Читаем Немцы полностью

— Первое действие, — вылетело вслух; на глазах скорбного гардеробщика лицо Эбергарда вывернулось и превратилось в потертый бумажник, складчатый, облезлый, по уголкам прихваченный тусклыми металлическими скобками, сжимающий своими дряблыми, старческими щеками пару бумажных денежных мыслей в беззубом рту и ежедневную монетную мелочь; представился, не страшно пока, появилось вроде «еще», «потом», «завтра», и как всегда, всегда, когда светлело, он сразу думал про дочь: может быть, и Эрна… — говорил себе: не из-за чего, — но всё равно радовался.

Из-за столов разом поднялись, завершающе чокались, раздавали визитки, вписывая или диктуя номера мобильных, фотографировались с Коростелевой, обязательно обнимая, приглашая присесть вот сюда на коленочку, кто посмелее: можно я возьму вас на руки? В первое вставание уезжали чужие, случайные, приезжавшие порешать вопросы, отдать долг, внести аванс, на всякий случай, то есть — все; Леня Монгол свахой соединял последние пары по интересам: «Товарищ генерал, разрешите вас познакомить с очень интересным человеком!» — и развивал в хохот любую улыбку.

— Леня, тут у меня по Хассо есть вопрос, район Смородино…

— Ну. Он тебе друг? — Леня Монгол излучал свет, радость, тепло детства, но заговорил с таким отмобилизованным напором, словно весь этот праздник он устроил для того, чтобы услышать Эбергарда и ответить ему. — Какой он тебе на хрен друг?
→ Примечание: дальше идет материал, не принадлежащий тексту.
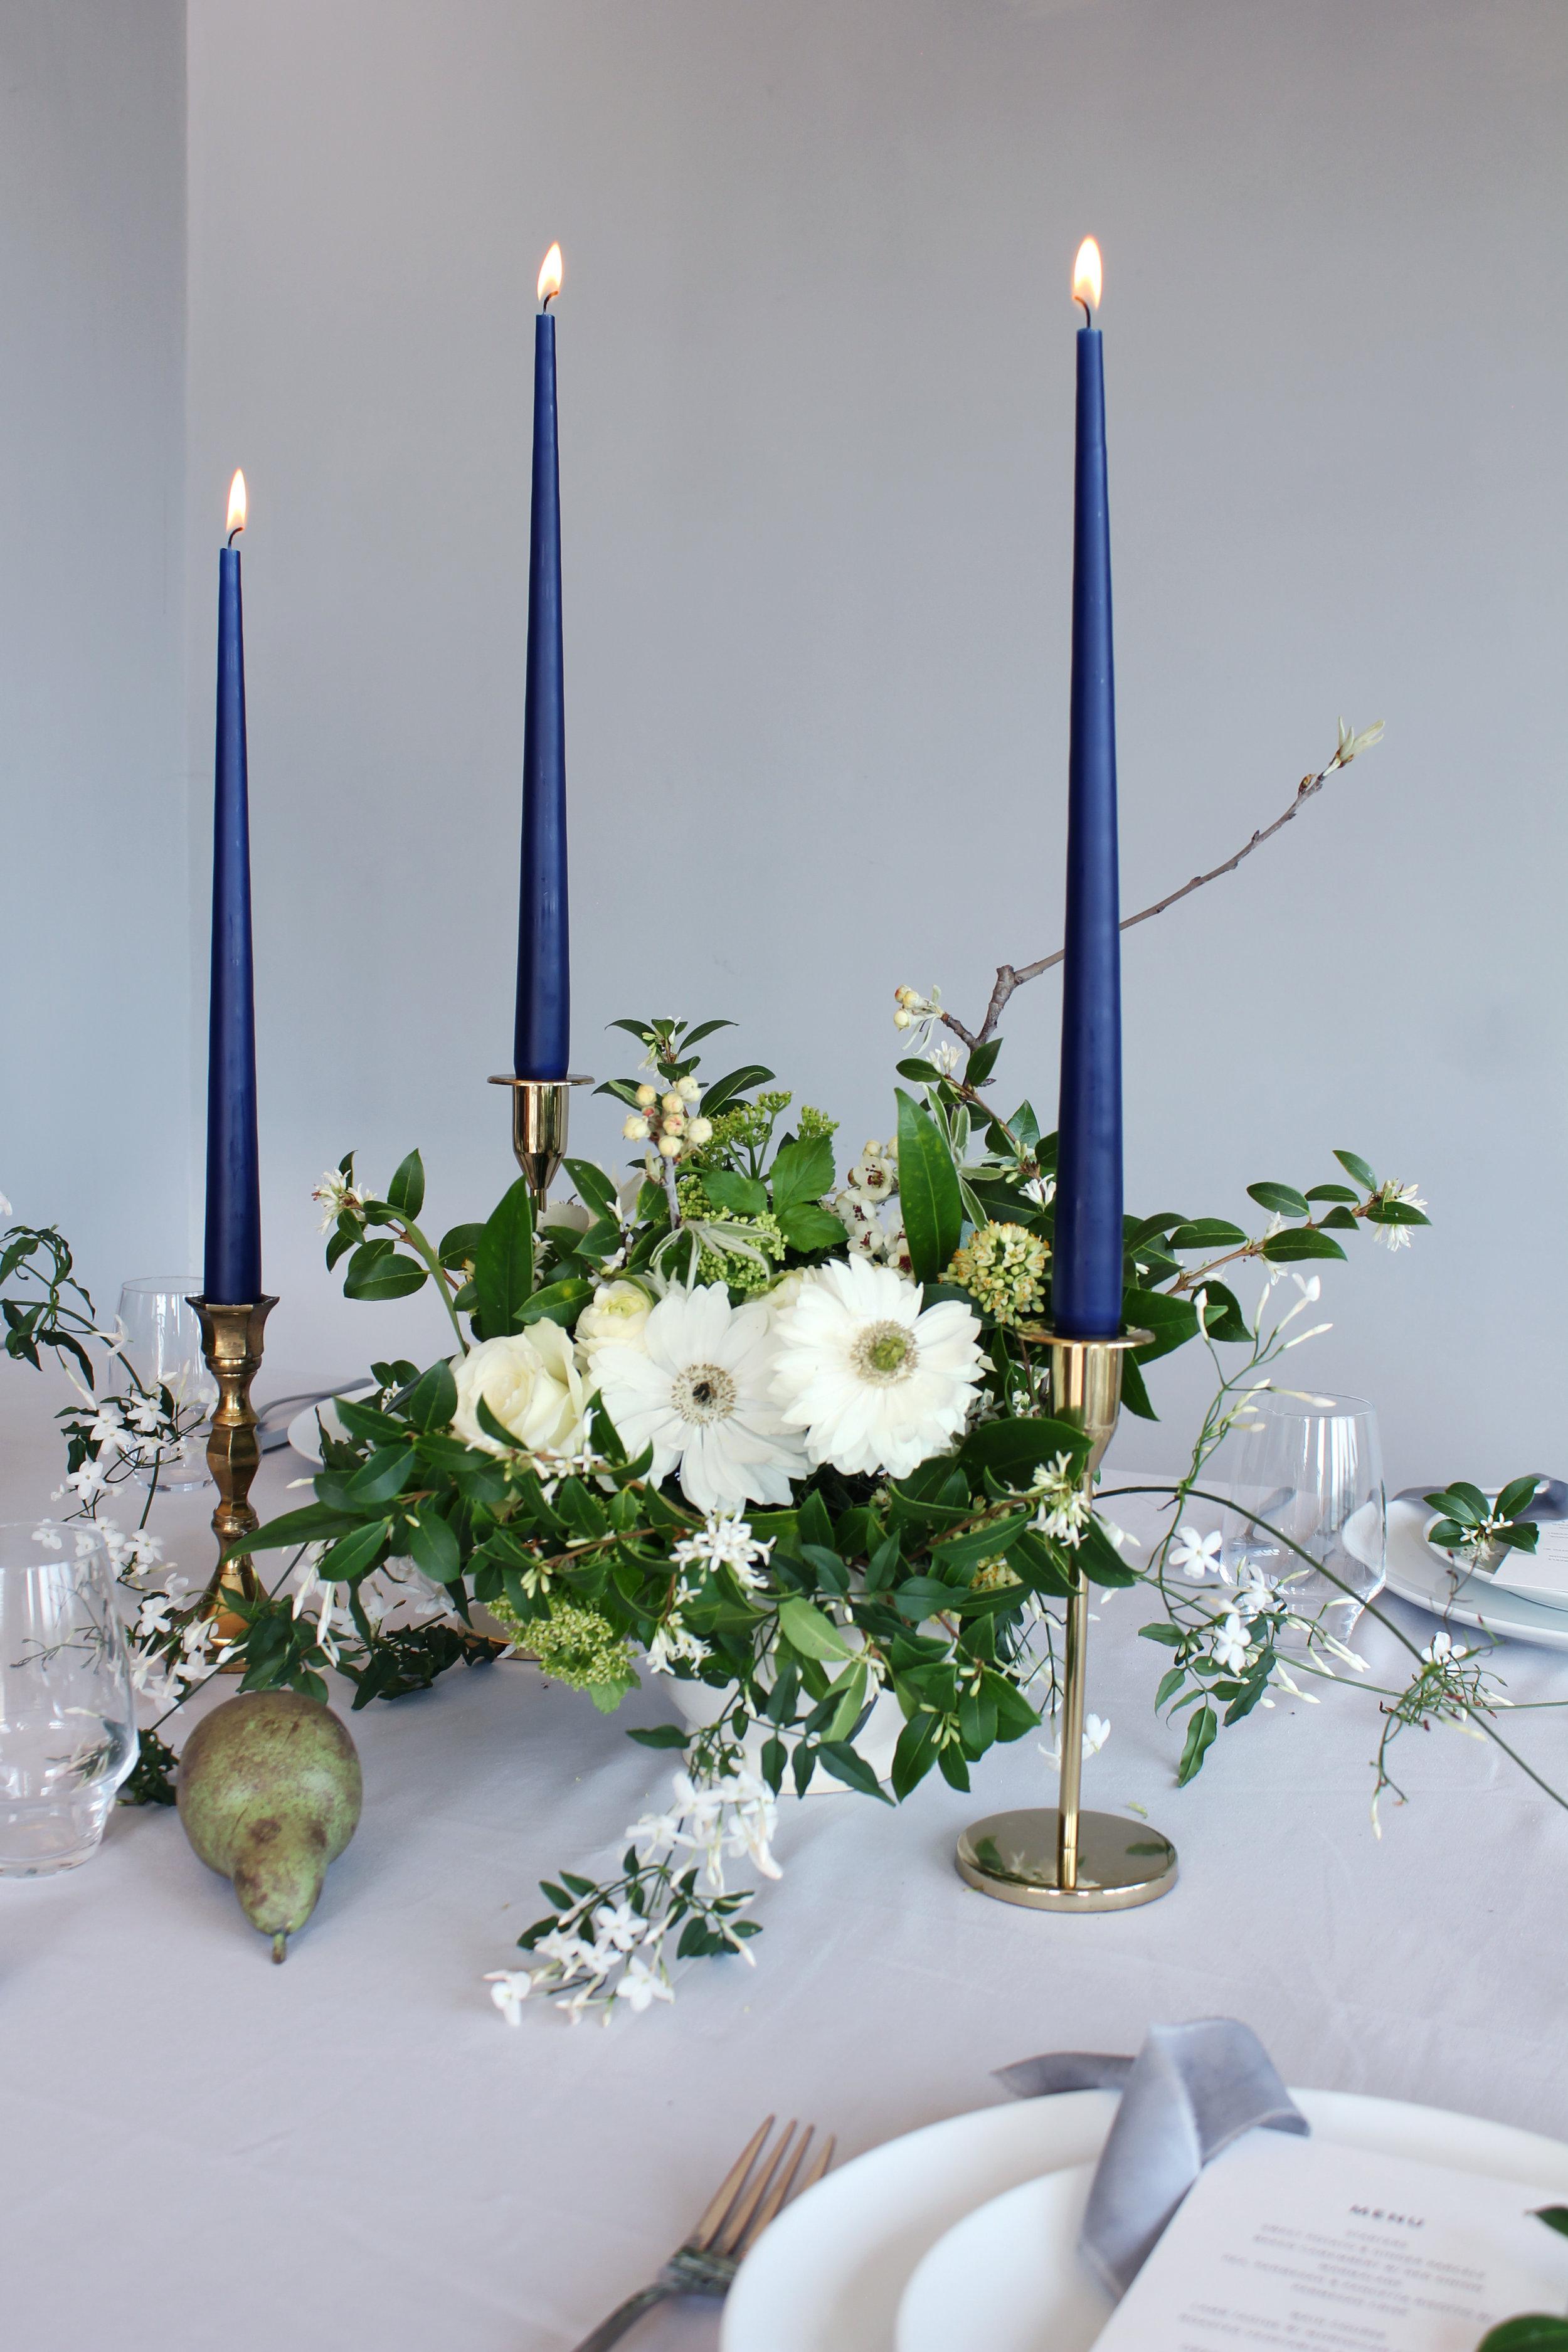 Callie-Pettigrew-Dusky-Blue-Wedding-1.jpg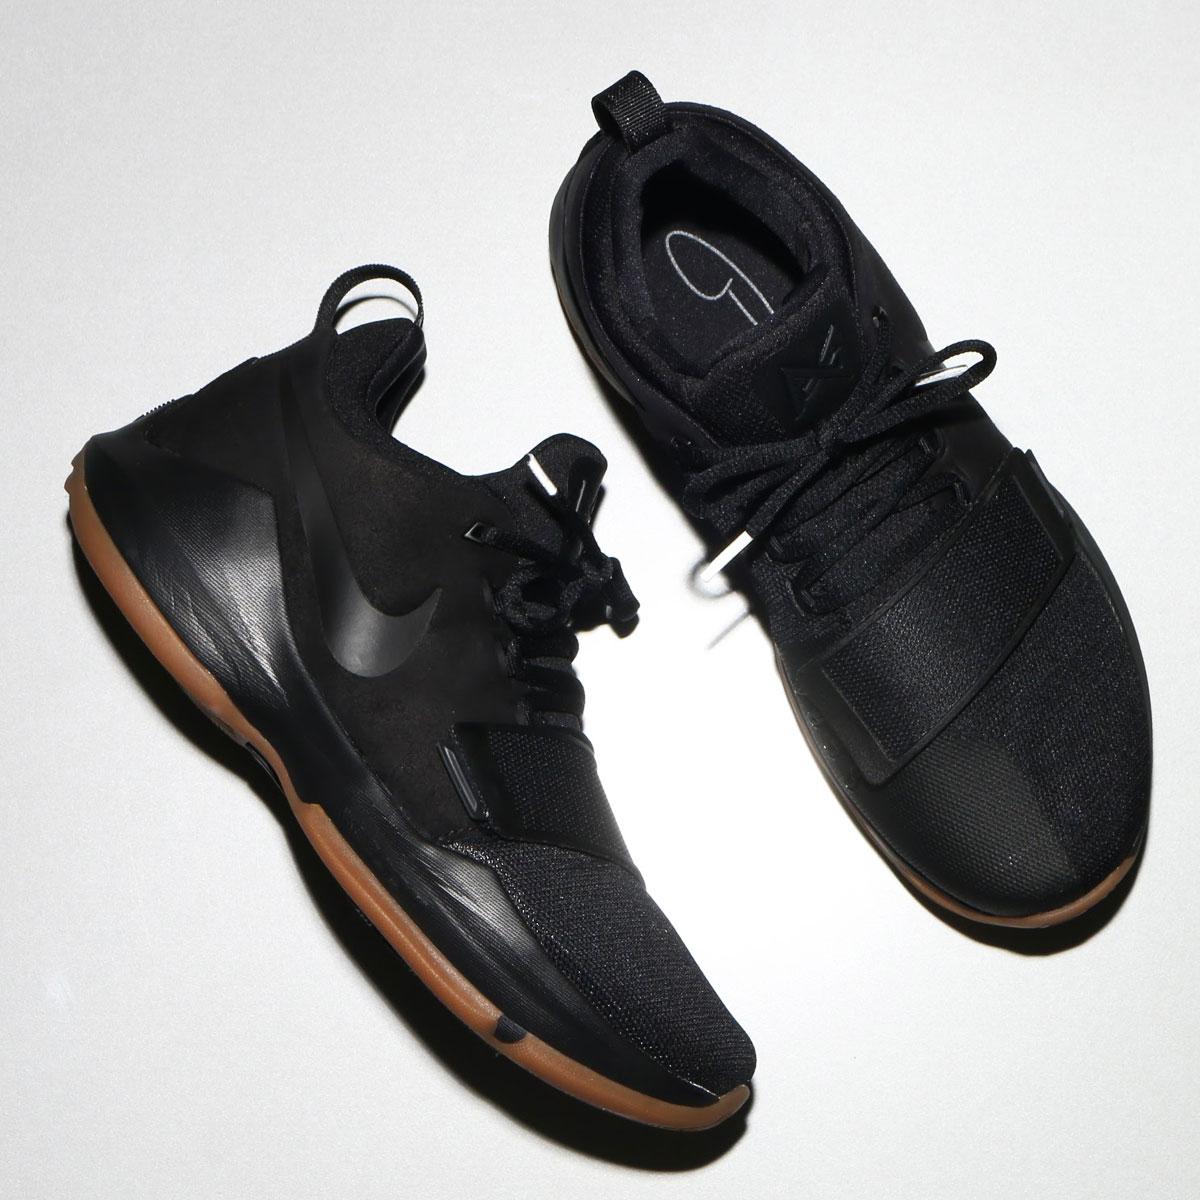 online store 07151 4fd28 NIKE PG 1 EP (Nike PG 1 EP) BLACK BLACK-ANTHRACITE- ...

Ты этого не понимаешь? Что ты за них пытаешься решать? Ты сам-то теперь кто?

— Хороший человек, — Эбергард еще пытался ответить на равных, но чуял, как кровь заливает щеки и шею и рвутся его мундирные гнилые нити, он — беден, его позвали сюда за отпечатанные приглашения.

— А дальше? — и Леня Монгол радовался, что Эбергард молчит: он так и знал, вот видишь, тебе нечего сказать, ты сам понял. — Как у тебя с монстром?

— Всё сложилось, — он больше не увидит Леню Монгола, а вот Леня Монгол однажды побегает еще за ним; глупо, но так бы подумал любой, когда уже не полагается плакать, когда обижают.

— Можешь попросить его принять Муджири? Там вопрос по земле.

— Представлю. Монстр вроде прислушивается. — Зачем? От неожиданности, но это ничего, что врет, можно будет: монстр ответил «да, но не сейчас», монстр почему-то промолчал, сказал «мне надо еще подумать», что земля эта приглянулась племяннику монстра, городскому ФСБ, Лиде — и не проверишь.

Леня Монгол приобнял Эбергарда и развернул лицом к Муджири, внимательнейше наблюдавшему за их беседой, и хлопнул Эбергарда ладонью по груди: он, вот он решит — и ваш вопрос, Давид Георгиевич, порешали.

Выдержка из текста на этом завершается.